This article is from the Esperanto FAQ, by Mike Urban urban@netcom.com and Yves Bellefeuille yan@storm.ca with numerous contributions by others.
(Thanks to Edmund Grimley-Evans for this information.)
TeX and LaTeX are professional typesetting systems, available as free
software for most computers. Though they are not always easy to use,
they are extremely flexible; they are the standard tool for typesetting
scientific articles and are often used for complex typesetting in the
humanities.
With TeX or LaTeX any diacritic can be applied to any character, so it
is no harder to produce c-circumflex (\^c) than e-acute (\'e), say.

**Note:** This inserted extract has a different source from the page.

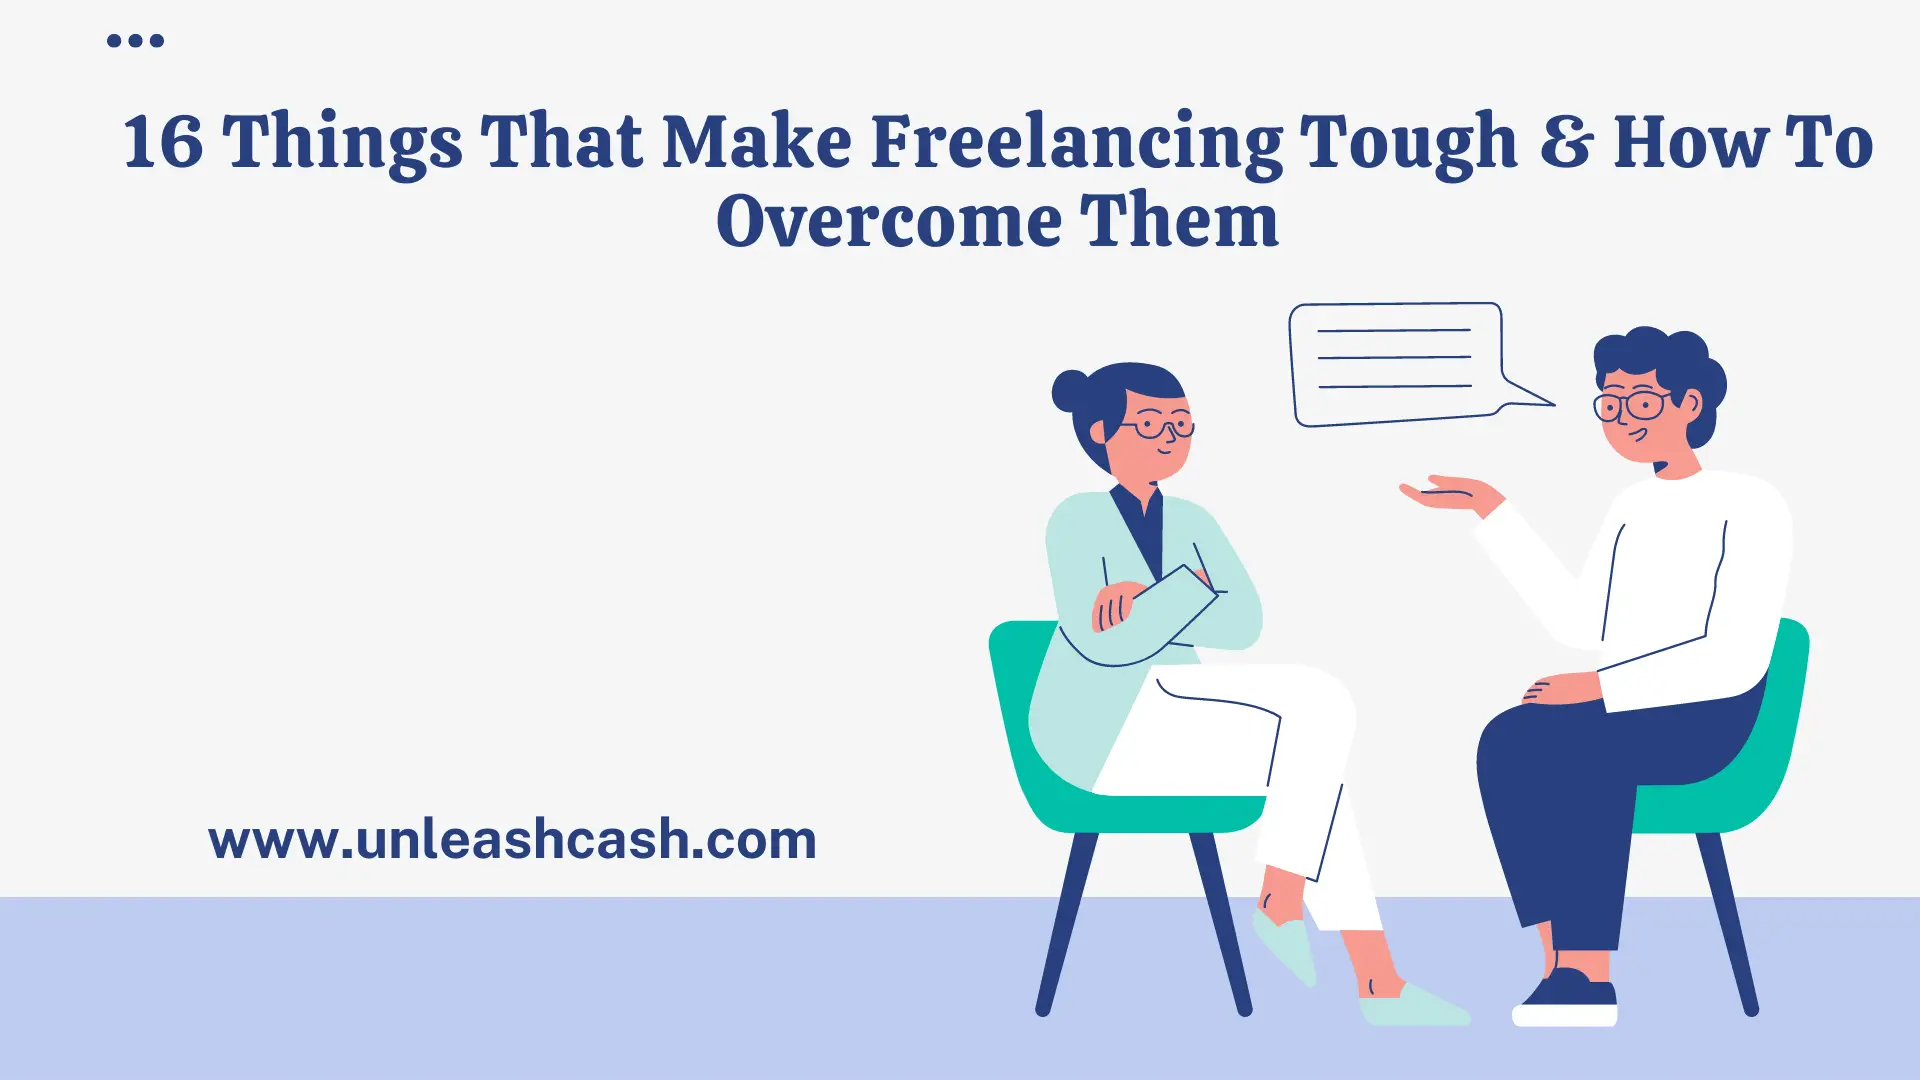 16 Things That Make Freelancing Tough & How To Overcome Them

A
large number of "style files" exist to facilitate the use of particular
languages; "esperant.sty" and "espo.sty", available at
ftp://ftp.tex.ac.uk/tex-archive/macros/latex209/contrib/misc/
and elsewhere, both allow Esperanto's diacritics to be entered as
"^C ... ^u", and the same convention is used by the Babel package for
LaTeX2e which supports about 30 language, including Esperanto.
The programs produce "^j" by putting a circumflex onto a dotless j.
Although TeX's default Computer Modern font has a dotless j (\j), most
commercial fonts, including those that are built into laser printers, do
not. There is a work-around, available as "dotlessj.sty", that involves
blanking out the dot on an ordinary j; see
http://www.rano.demon.co.uk/dotlessj.html
Note that the Babel package does not include a hyphenation table for
Esperanto so it is usually best to discourage automatic hyphenation
(\hyphenpenalty=5000) and specify the hyphenation of particular words
where required (\hyphenation{Esp-er-anto}).